On connaît tout cela par coeur. Et pourtant, à chaque fois on est susceptible de découvrir quelque chose d’autre.

  • Ainsi, le seul corniaud officiel du film n’est pas celui qu’on croit. Souvenez-vous, c’est le faux garagiste au masque de soudeur à qui Bourvil dit : « Quel corniaud, il ne comprend même pas sa langue ». Et donc c’est Louis de Funès le corniaud !

Plus fragiles sont les moqueries sur Le Bègue (Venantino Venantini) ou le comique de répétition sur le sucre dans le réservoir, mais aussi avec les multiples « Alors là… Y m’épate, y m’épate, y m’épate…. » – Les diverses poursuites dans Carcassonne sont aussi assez lassantes. Et à plusieurs reprises, on peut regretter que l’on tombe manifestement dans une sorte de reportage touristique sur l’Italie.

Il n’en demeure pas moins vrai que nous avons là un bon grand spectacle, avec une prise de vue de qualité, ce qui ne gâche rien. En France la comédie était jusque là, souvent un parent pauvre, côté moyens.
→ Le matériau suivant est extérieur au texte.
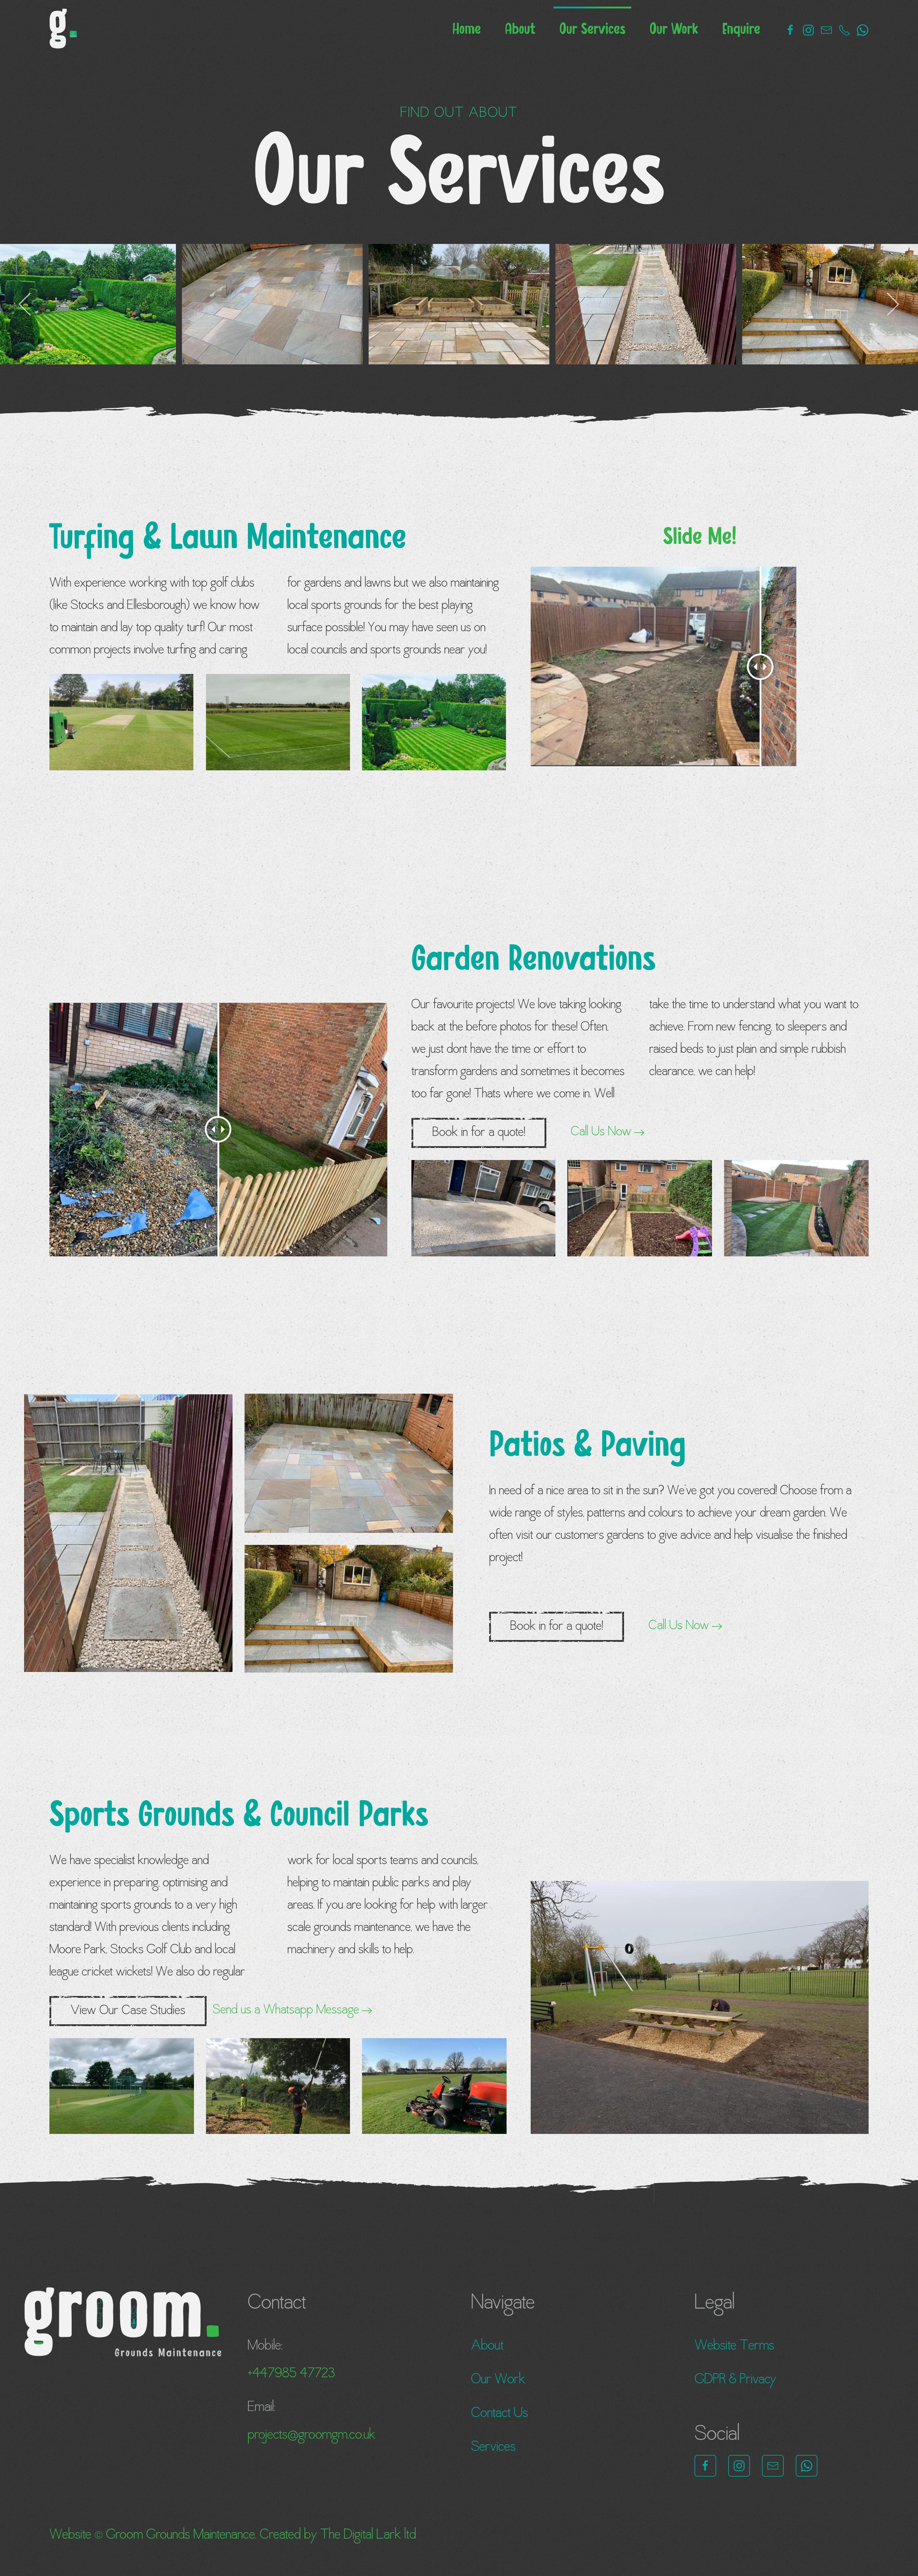 Groom Grounds Maintenance Website

Désormais elle entre dans le cinémascope luxueux avec de copieux investissements. Une bonne affaire pour nous et pour les producteurs. Le résultat : 9 millions de spectateurs en salle ! J’imagine les nababs du cinéma en train d’imiter De Funès, quand il mime son « on va s’en mettre jusque là ! », avec toutes les variations possibles sur ce thème.